Several intuitive drag-and-drop tools for constructing and analyzing system dynamics models exist (Stella, Powersim, Simulink (of Matlab) or VENSIM) which makes EBM relatively easy to use and therefore extensive usage and deployment.
In sum, EBM seems well-suited to represent physical processes (or processes that can be seen as such without loss). It suggests regarding a system as a whole in the first place and does not support an explicit representation of components (agents). To some extent hence, EBM is a type of top-down technology. It is most naturally applicable to systems which we can model centrally, and in which physical laws govern dynamics rather than by information processing.
Agent-based modelling
It usually starts out with modelling properties and behaviour of individual agents and only thereafter considers macro-level effects to emerge from the aggregation of agents’ behaviour. In ABM, the individual agent is the explicit subject to the modelling effort.
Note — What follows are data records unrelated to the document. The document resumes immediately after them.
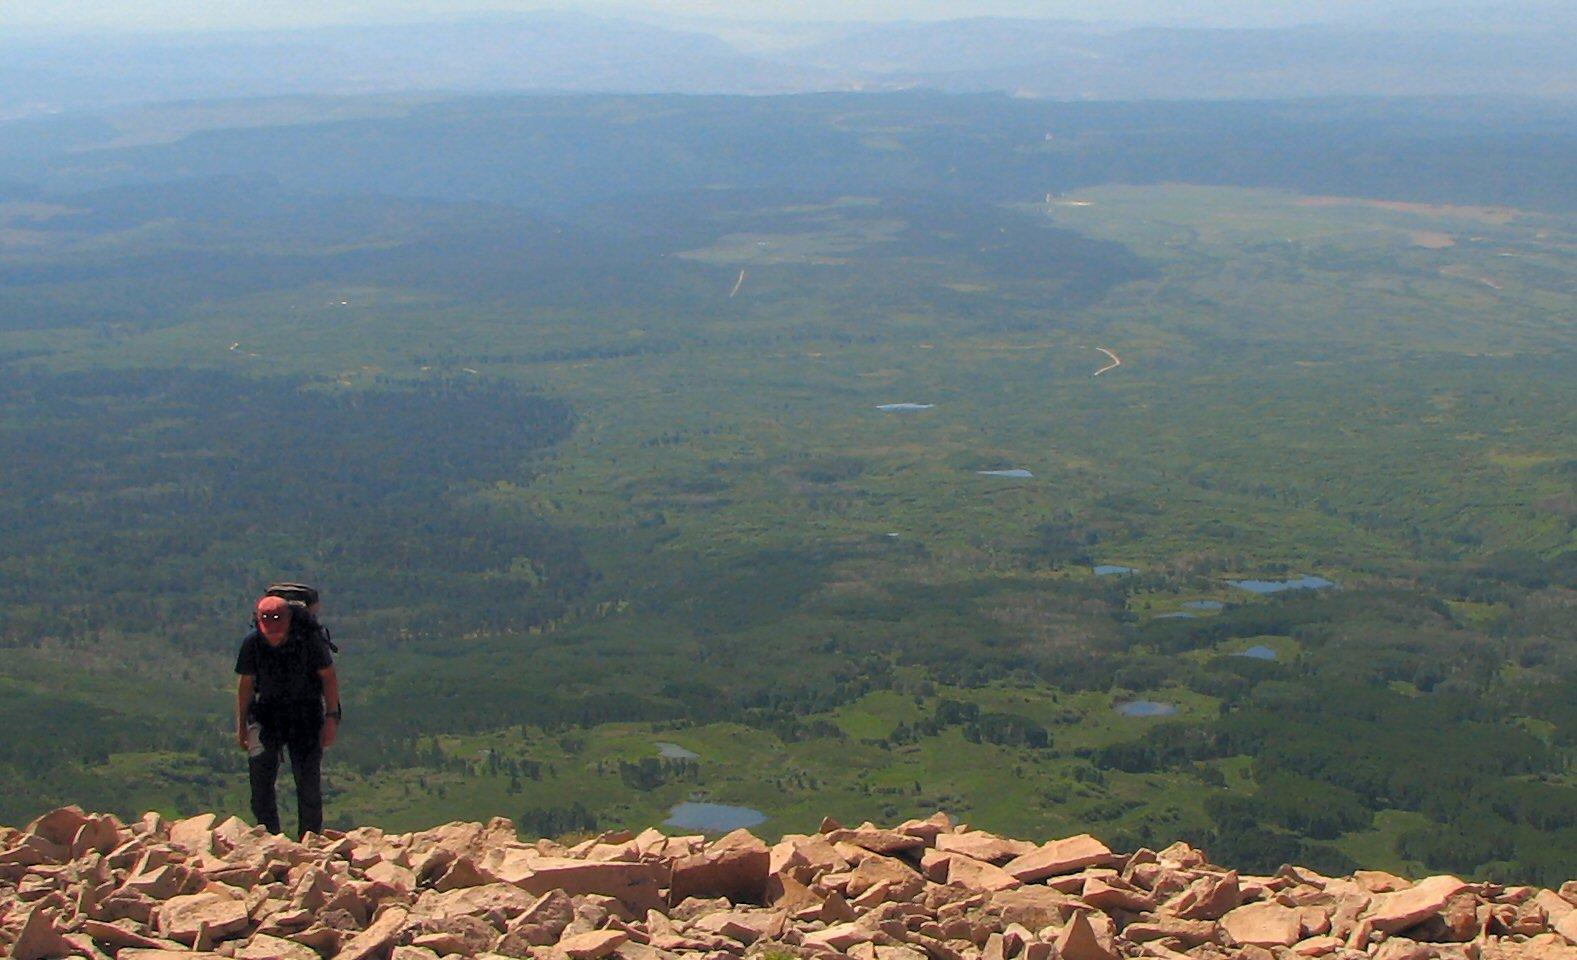 Hiking Mt. Peale
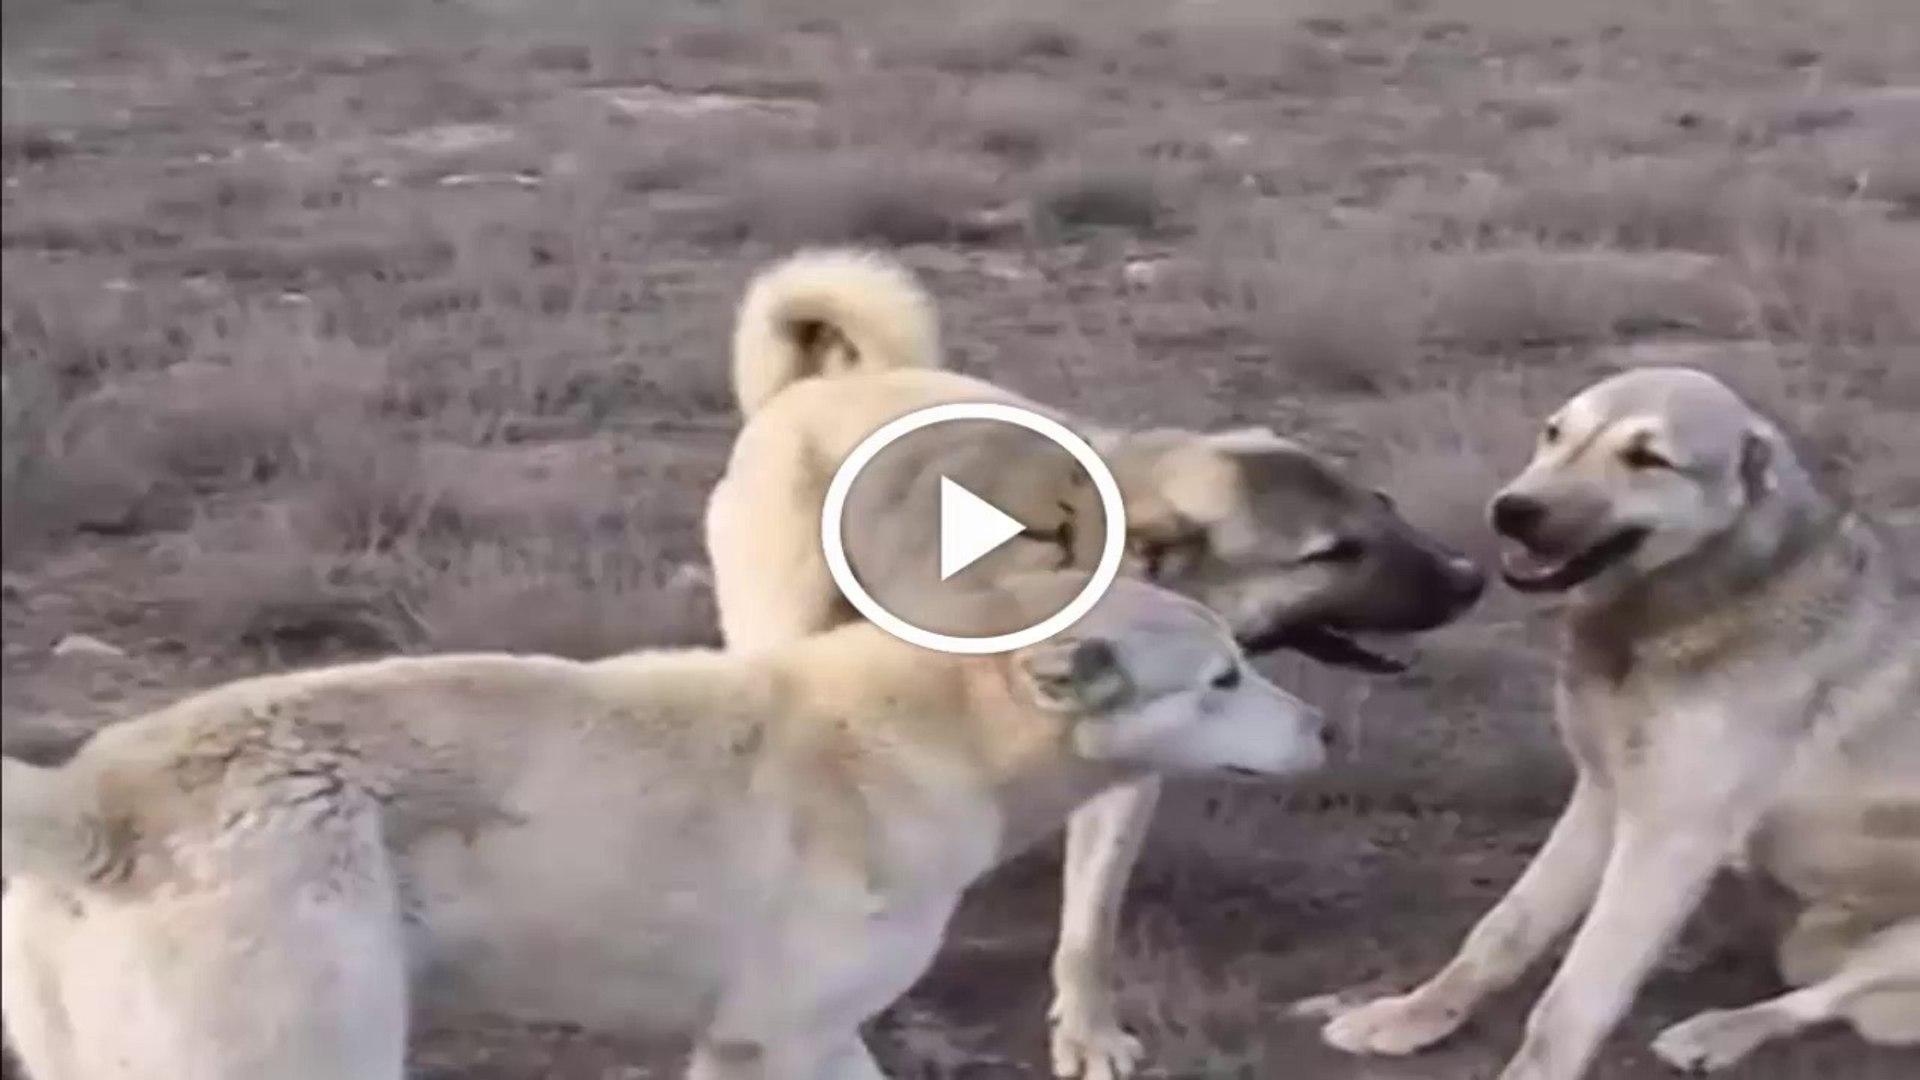 KOYUN NOBETiNDE HAZIR BEKLEYEN ANADOLU COBAN KOPEKLERi - ANATOLiAN SHEPHERD DOGS
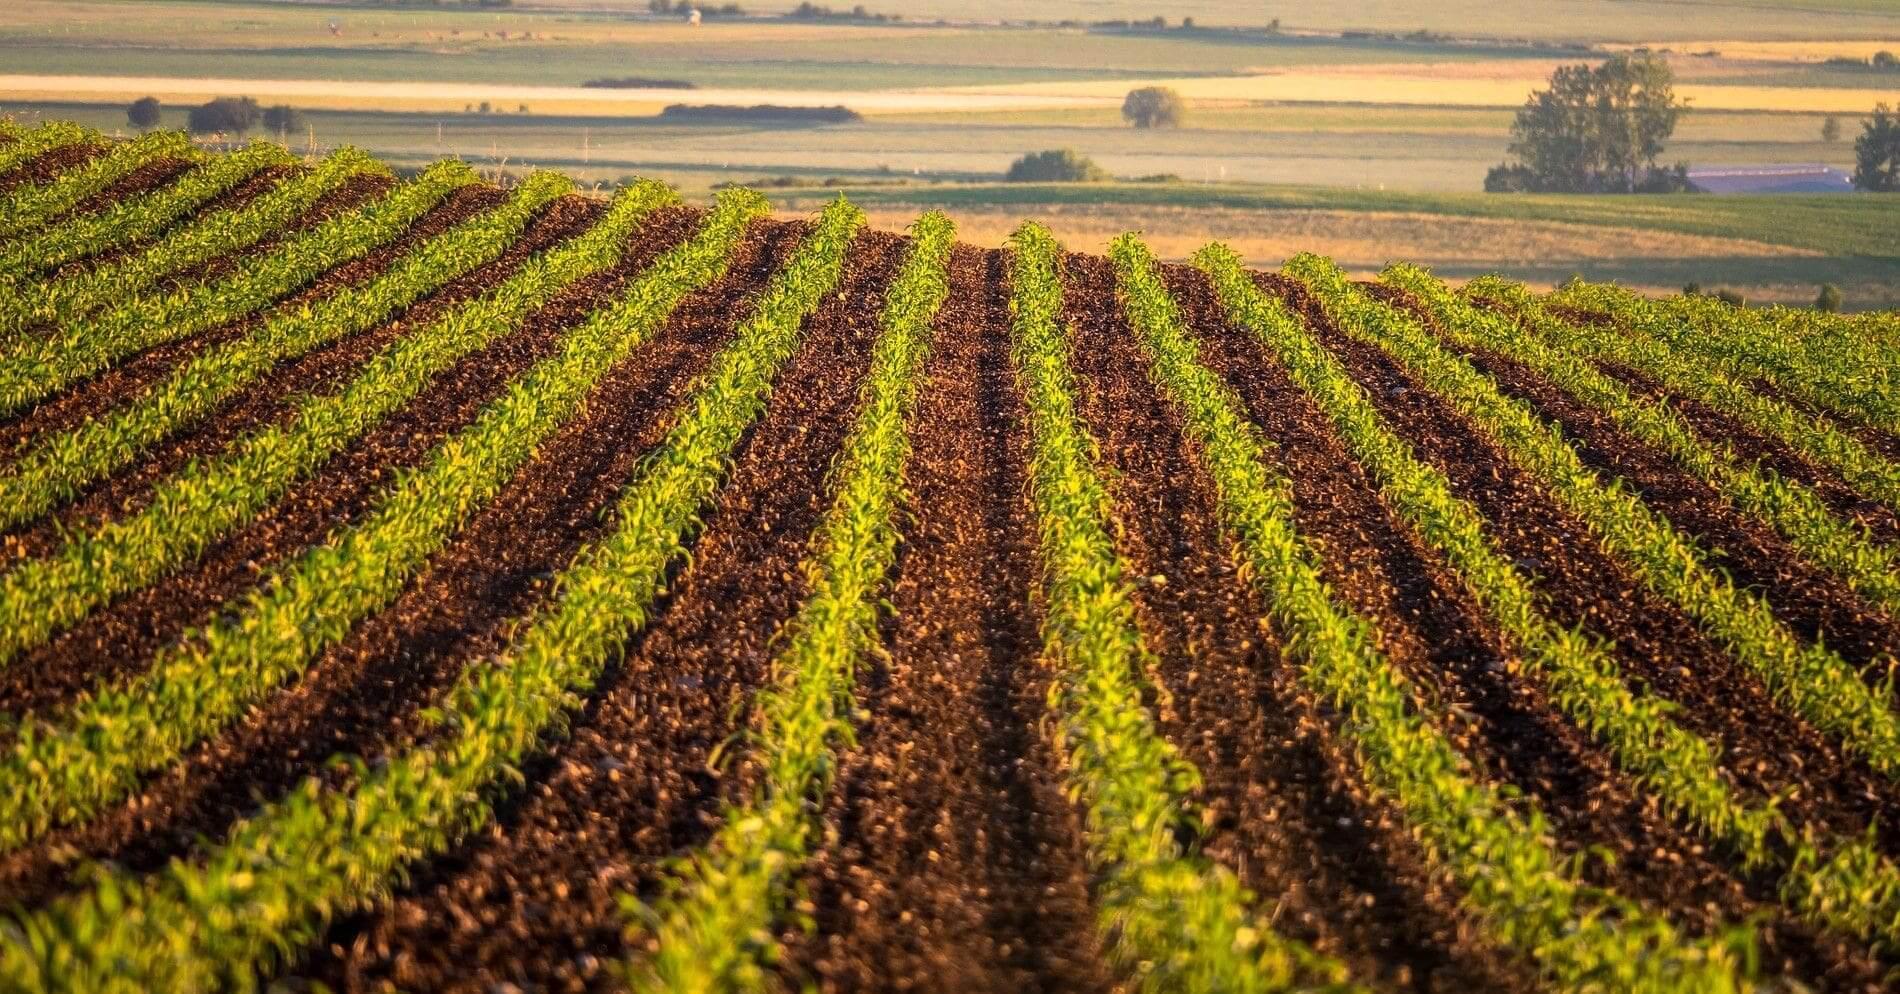 Bitkilerin sürekli ve sağlıklı büyümesi için önemli olan iz elementler, bitkilerde fotosentez, klorofil ve enzim oluşumunda etkilidir.
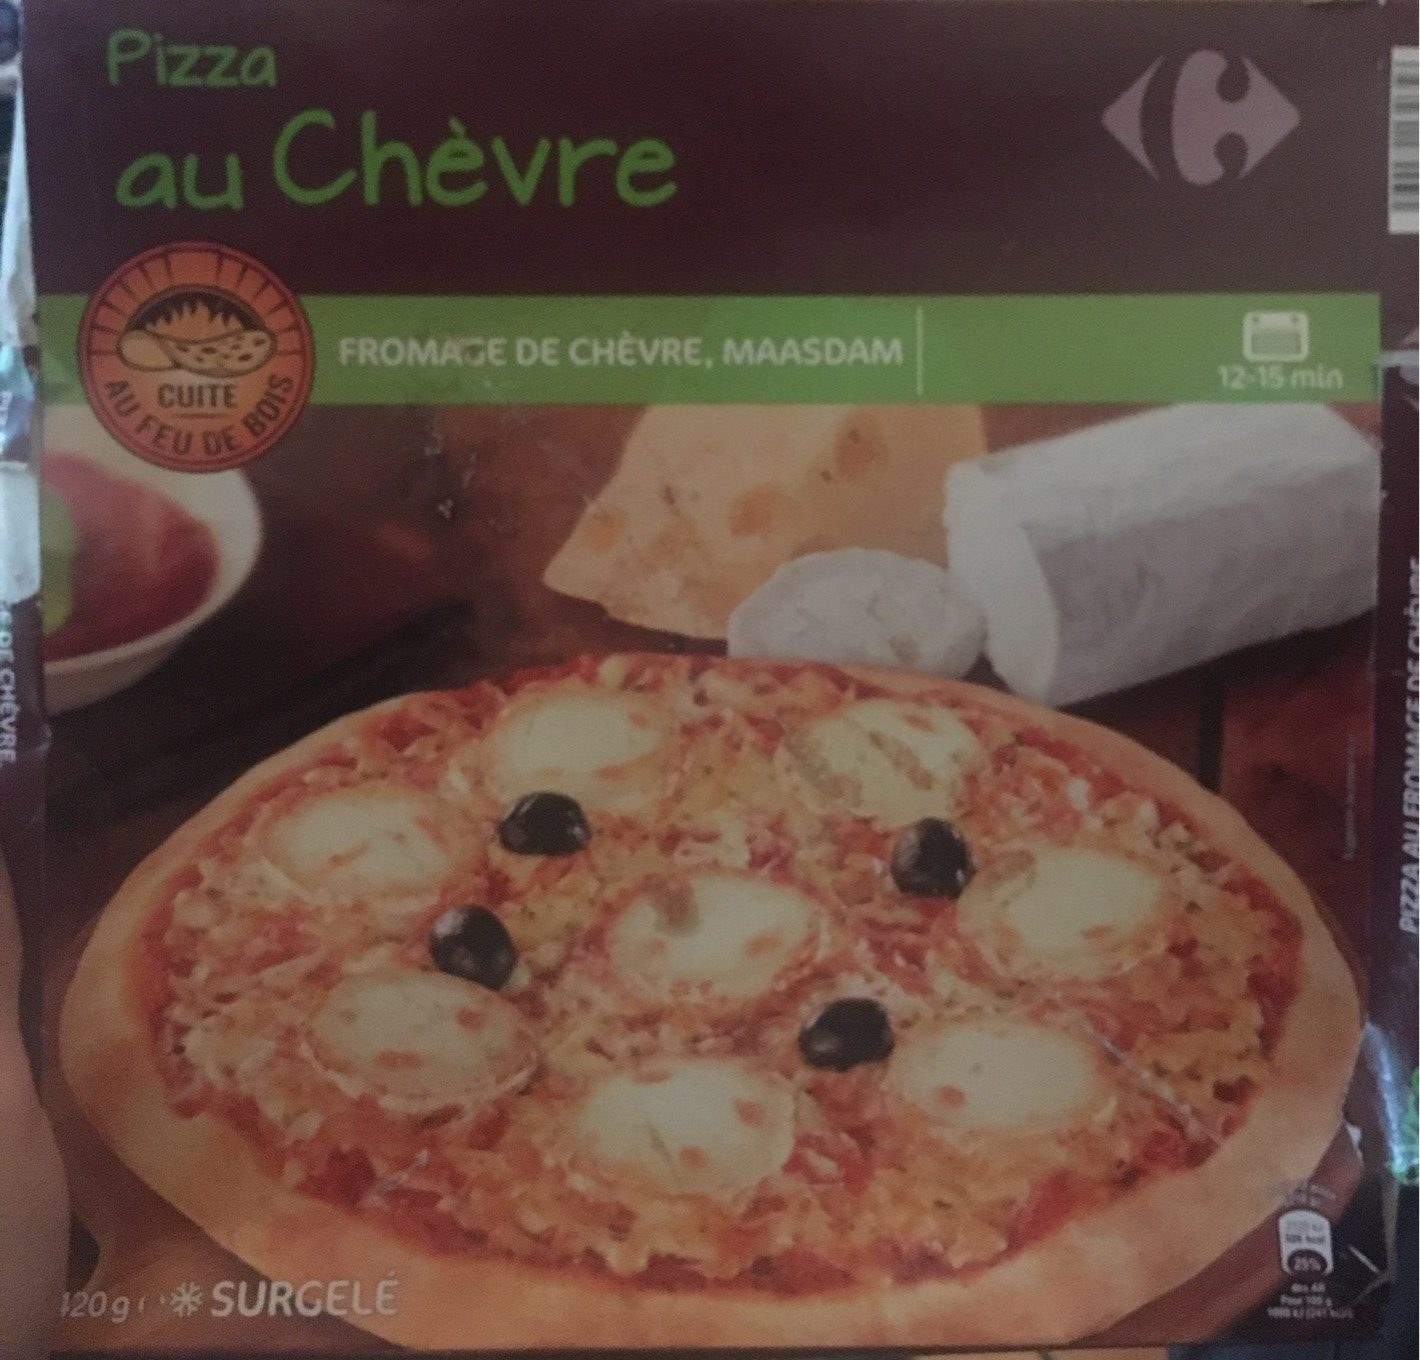 Pizza au chevre cuite au feu de bois - Product - fr

With this, ABM offers an additional level of validation. Like EBM it allows comparing model output with observed system behaviour. Additionally, however, it can be validated at the individual level by comparing the encoded behaviour of each agent with the actual behaviour of real agents. This, however, usually requires additional data and hence more efforts in empirical research.
Basically, ABM might seem intuitively more appropriate for modelling social systems, since it allows, and even necessitates, considering individual decisions, dispositions and inclinations. Its natural modularization follows boundaries among individuals, whereas in EBM modularization often crosses these boundaries.
What is more, ABM allows representing space, thereby offering possibilities to consider topological particularities of interaction and information transfer. In combination with graph theory and network analysis, it enables precise conceptualizations of differences in frequency, strength, existence etc. of interactions between agents.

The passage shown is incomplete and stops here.